Belgique Derniers arbitrages, essentiellement budgétaires. Puis distribution des postes.

La rumeur du week-end faisait état d’un possible accord de gouvernement durant… la nuit dernière. "Non, pas du tout !" , disait-on dimanche dans l’entourage des négociateurs. "On n’est pas loin de la ligne d’arrivée - on la franchira sans doute cette semaine -, mais il reste encore un peu de travail." Essentiellement d’ordre budgétaire.

Samedi soir, les partenaires du futur gouvernement suédoisé (MR, N-VA, CD&V, Open VLD) devaient encore dénicher un peu moins de 800 millions d’euros sur une manne totale de 11 à 12 milliards nécessaires pour retrouver l’équilibre budgétaire.

Ces derniers jours, CD&V et N-VA auraient trouvé un terrain d’attente "sur des divergences d’appréciation". Les sociaux-chrétiens flamands continuent néanmoins de réclamer la mise en place d’une taxation sur les plus-values sur actions. "C’est toujours la bagarre. Le CD&V fait le forcing, mais les trois autres n’en veulent pas."
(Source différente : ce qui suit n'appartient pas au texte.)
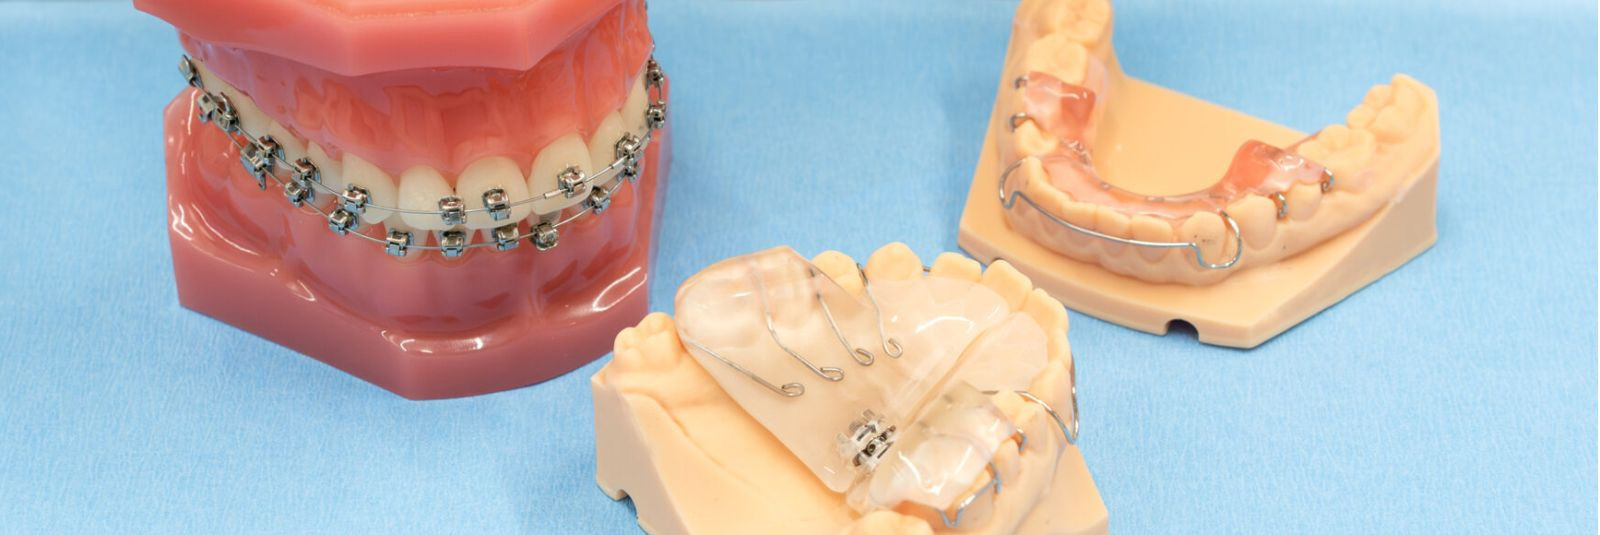 Kaped ja breketid on hindamatud abivahendid hammaste reastamiseks ning valehambumuse korrigeerimiseks. Ent nende pikaajaline kasutamine nõuab hoolikat kodust ho

L’Open VLD aurait eu, lui, des apaisements concernant le respect d’une certaine forme d’orthodoxie budgétaire. Il est toutefois (quasi) acquis que l’équilibre ne sera pas atteint en 2016, comme le prévoit pourtant la trajectoire d’assainissement des finances publiques de la Belgique. Sera-ce alors pour 2017 ou 2018 ? "On parle toujours des deux dates", nous confie-t-on. "Ce sera en 2017 si possible, sinon en 2018." Trivial…

"Ce sont des considérations techniques", explique une autre source. "Dès qu’il y aura un accord sur les réformes structurelles à mener, nous pourrons les chiffrer" et connaître précisément la trajectoire de retour à l’équilibre. Laquelle est à remettre à l’Europe pour la mi-octobre.

Outre les derniers arbitrages budgétaires et programmatiques, les négociateurs doivent trancher la délicate question des portefeuilles ministériels. Et, corollaire, les libéraux francophones doivent encore donner des précisions sur l’avenir de Didier Reynders (MR). Acceptera-t-il d’être le vice-Premier de Charles Michel, si celui-ci devient chef du gouvernement comme cela semble devoir être le cas ? Ou voudra-t-il prendre la présidence du MR - il y a des élections tout début 2015 ?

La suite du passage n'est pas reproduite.